IIU Rector, in his speech said that Theatre has great social significance. It has the potential to teach through showing not telling. He said Human beings, especially in their childhood phase learn a lot of things through observation. They imitate others and imitation of action, in the words of great Greek philosopher Aristotle, is the basis of drama. Rector IIU said If we want to instill positive values in our society, we can use theatre to do this and vice versa.

Referring to the work of Bryan and oppression in the world specially talking about the children protest and plight in Kashmir, Dr. Masoom said that the world is passing through a difficult phase in its history.

"There are wars, occupations, bloodsheds. There are oppressed and oppressors. As practitioners of theatre, it is the duty of directors and artists to highlight the oppressor as the oppressor and the oppressed as oppressed."

He said if the Kashmir crisis was considered, it is almost a month that people of Kashmir are living under the curfew.

“The world has almost turned a deaf ear to the plight of Kashmiris. No one is paying any attention to their screams, children are being blinded by the pellet gun,” he said.

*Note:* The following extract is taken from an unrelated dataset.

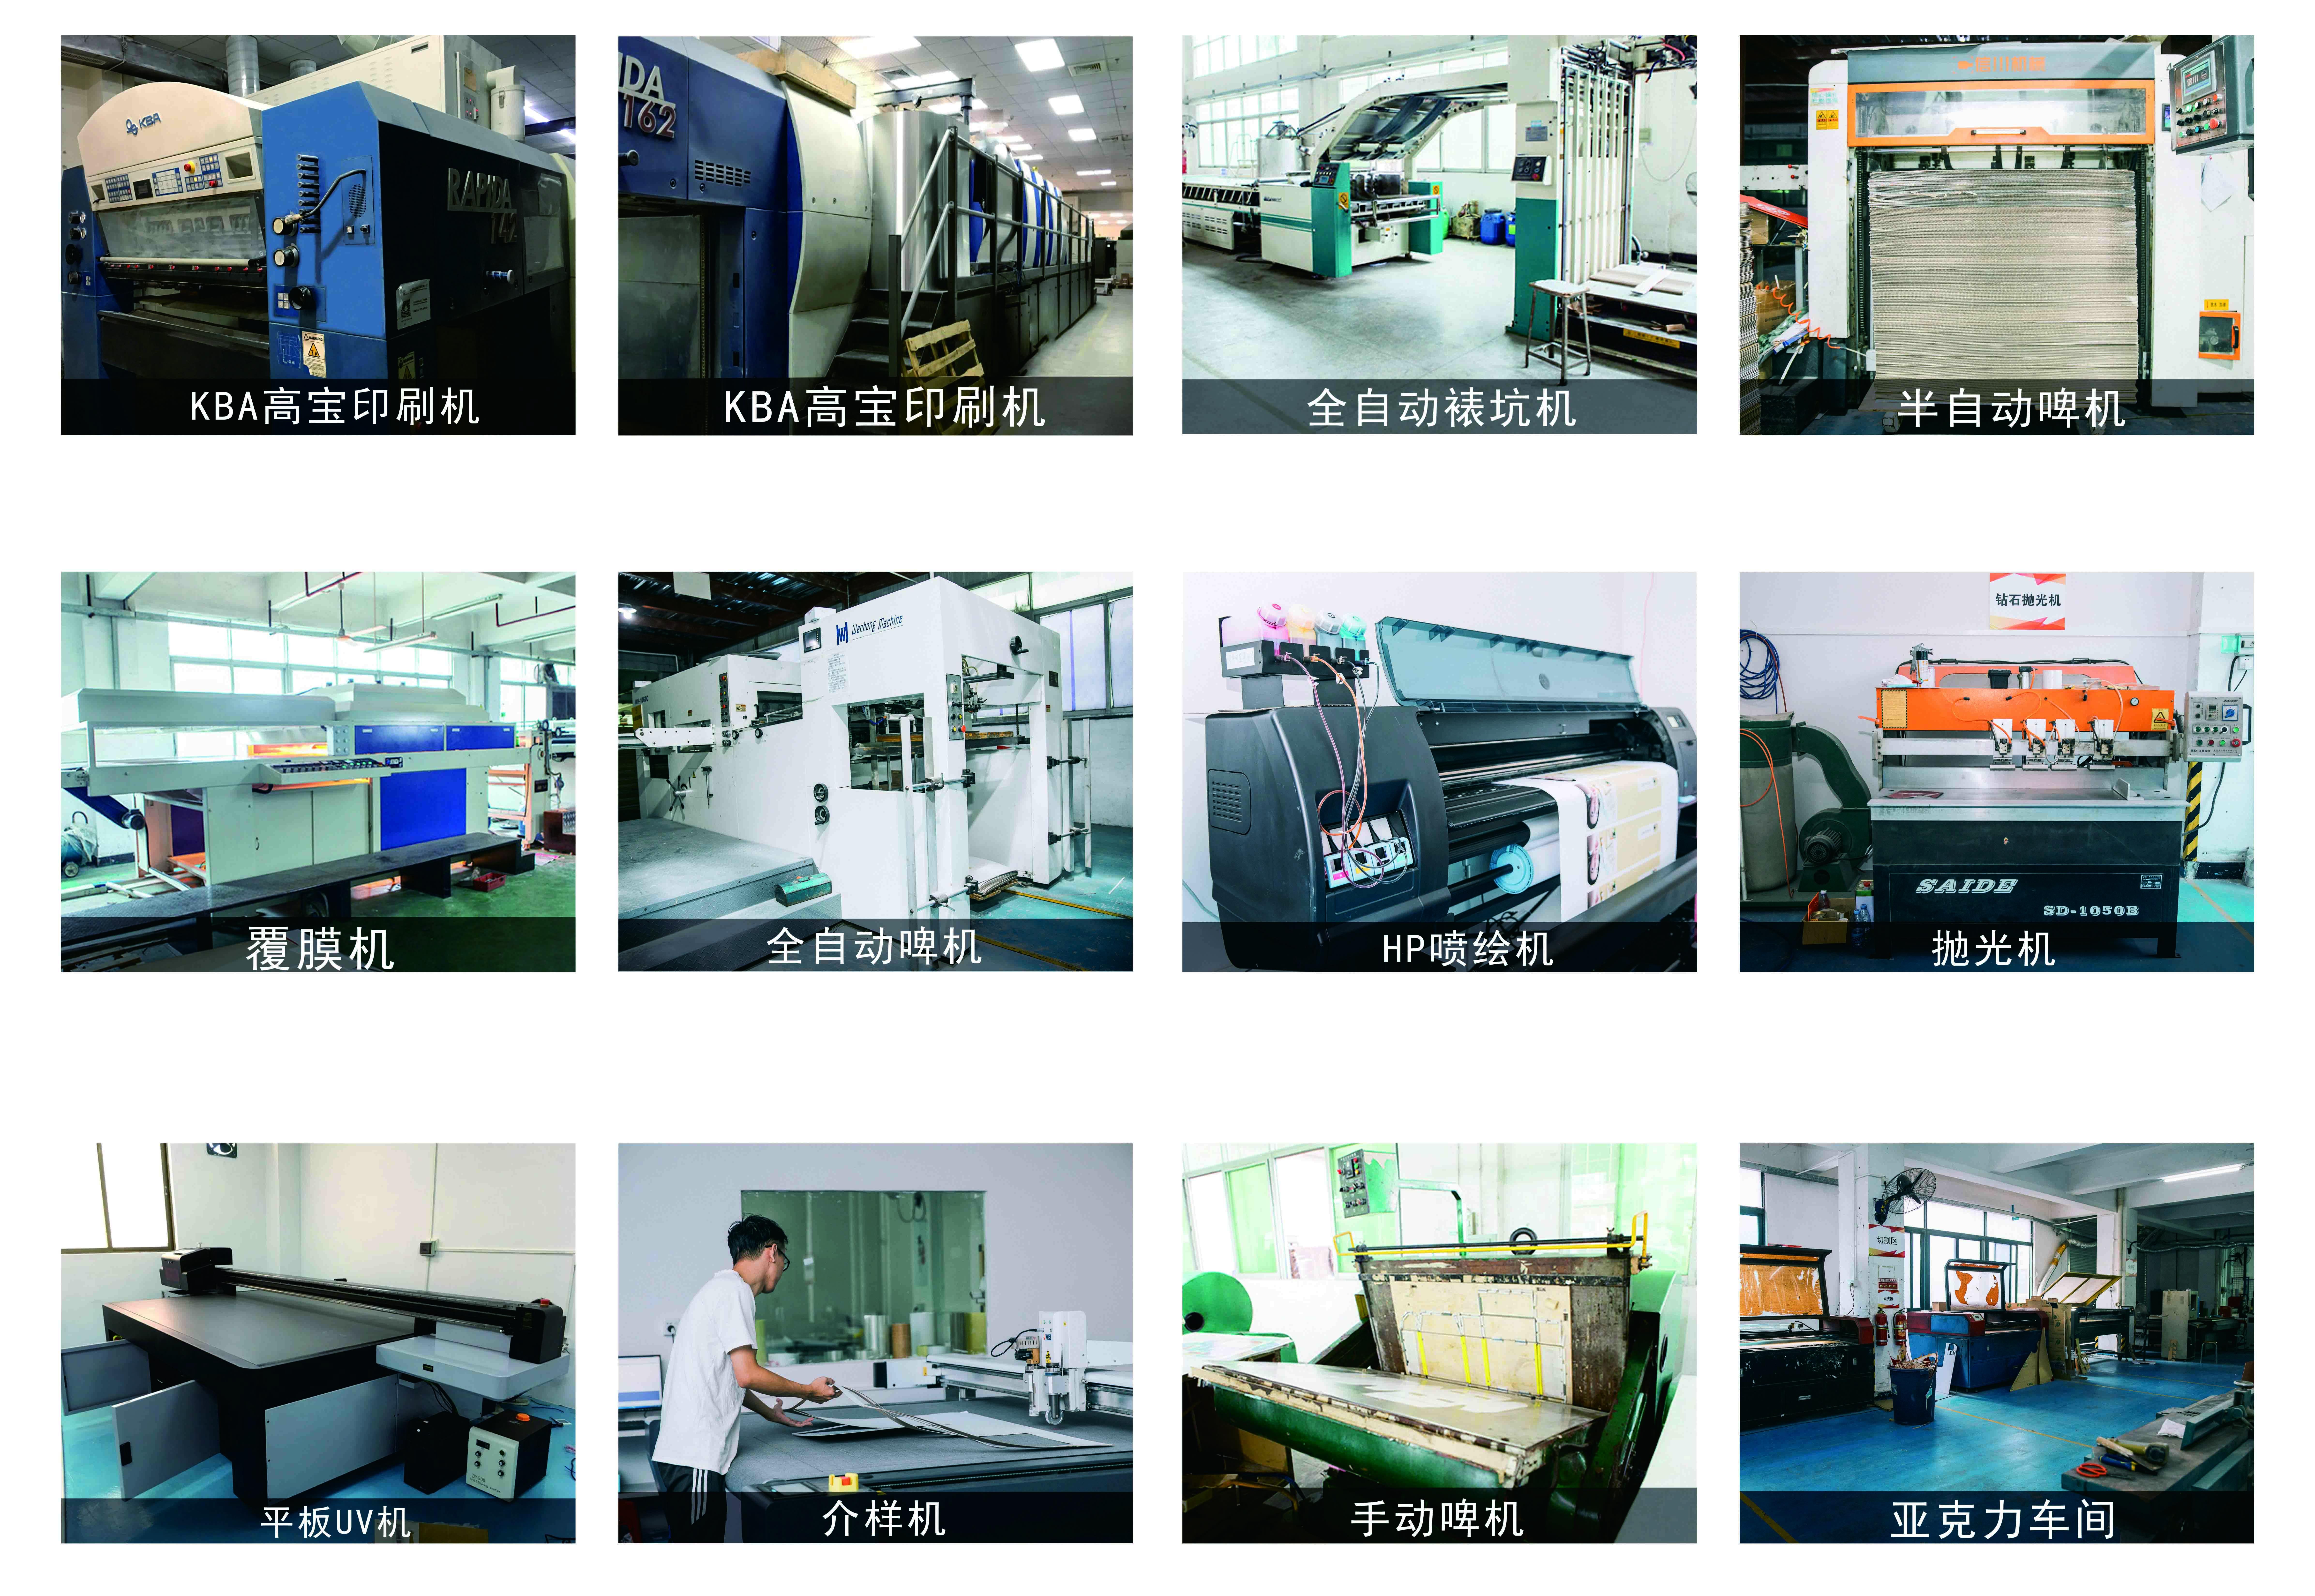 澳澌汀制造实力、专注生产:纸货架 ,纸货架厂家,纸货架定制, 纸质展示架, 纸质展示架定制

He hoped that our distinguished guest would highlight the plight of Kashmiris as he has done for Palestinians thorough his play Nabi Saleh that has shown the plight of people of Palestine” said IIU Rector.

The audience asked questions about the works of Professor especially regarding the theme of his drama Nabi Saleh, protest tourism and plight of being in oppression in front of other nations, which were answered in detail by the speaker of talk. In the end, a university crest was presented to Professor Bryan Reynolds.